2022-09-13T20:44:50.175Z


His films always caused excitement, but often also helplessness: The SPIEGEL culture editors about their best and hardest hours with the director.


»The Contempt«, 1963

The woman!

The man!

The island!

The car!

And all in Technicolor!

In 1963, like a film mogul of the old school, the still young wild man Jean-Luc Godard presented the capital of his then most expensive film in all its show value glory.

And the capital was enormous, because he had at his disposal: Brigitte Bardot!

Michel Piccoli!

The island of Capri!

An Alfa Romeo convertible!

The island shone in the middle of the blue sea, the convertible curved bright red along the streets.

Most of the other colors looked washed out, with blue and red dominating the canvas – just as Bardot and Piccoli drew the eye.

She played an actress, he a writer, both lost in love while around them old-school film moguls set the show values ​​for a film shoot.

Hollywood villain Jack Palance gave a fucked-up producer, cinema visionary Fritz Lang a melancholic version of himself.

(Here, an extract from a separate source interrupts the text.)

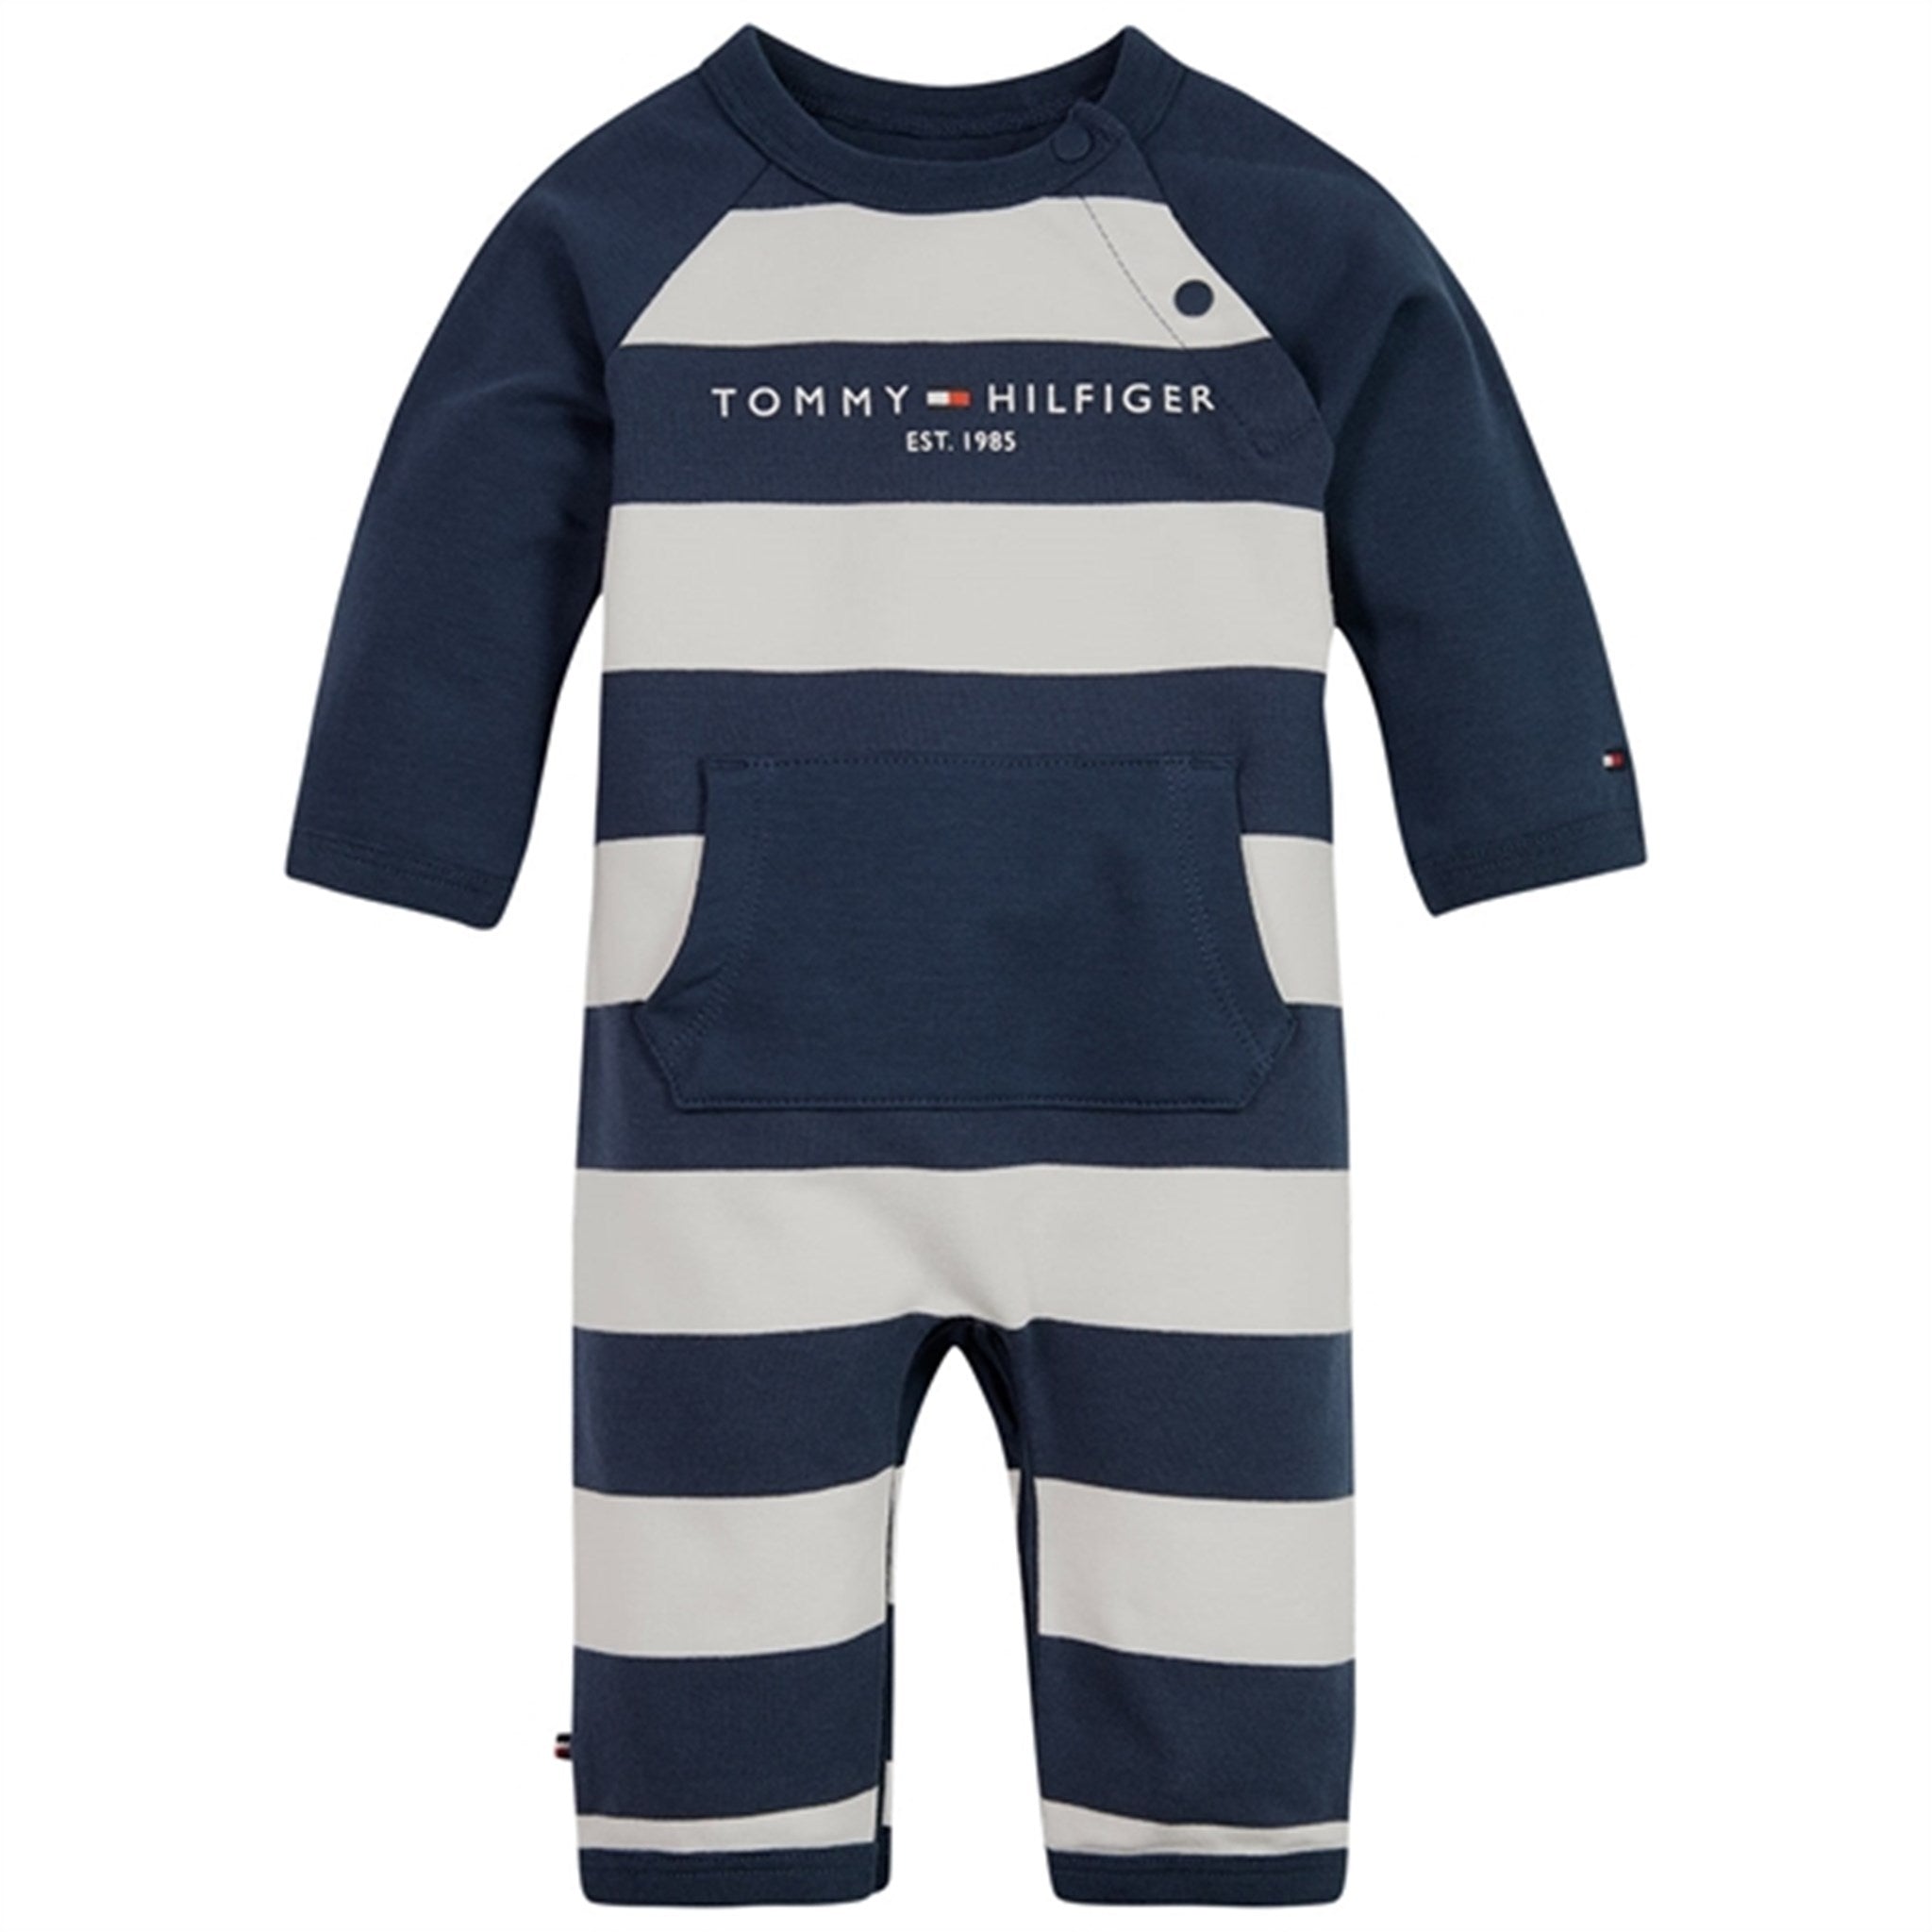 Tommy Hilfiger Baby Rugby Stripe Coverall Twilight Navy Stripe

The result was a film that celebrates cinema in all its ambiguity: its magic as well as its obscenity.

The shooting was actually already over, it is said, when Godard added a few nude shots of Bardot.

A favor for the financiers who distrusted Godard's storytelling and at least wanted to lure audiences to the cinema with Bardot's bare bottom.

Christian Buss

»Weekend«, 1967

Of course, Godard foresaw everything, including the destructive quarrel and the malice with which members of polite society attack one another as soon as the slightest occasion presents itself.

Maybe he didn't need any prophetic powers at all, and the mood was bad long before Corona, the Ukraine war and the energy crisis.

With »Weekend« he shot a farce that couldn't be more evil.

Two spouses are cheating on each other and covet an inheritance they will not get.

They are stuck in endless traffic, meet Emily Brontë, a group of hippies in the forest and one of them ends up in a cooking pot.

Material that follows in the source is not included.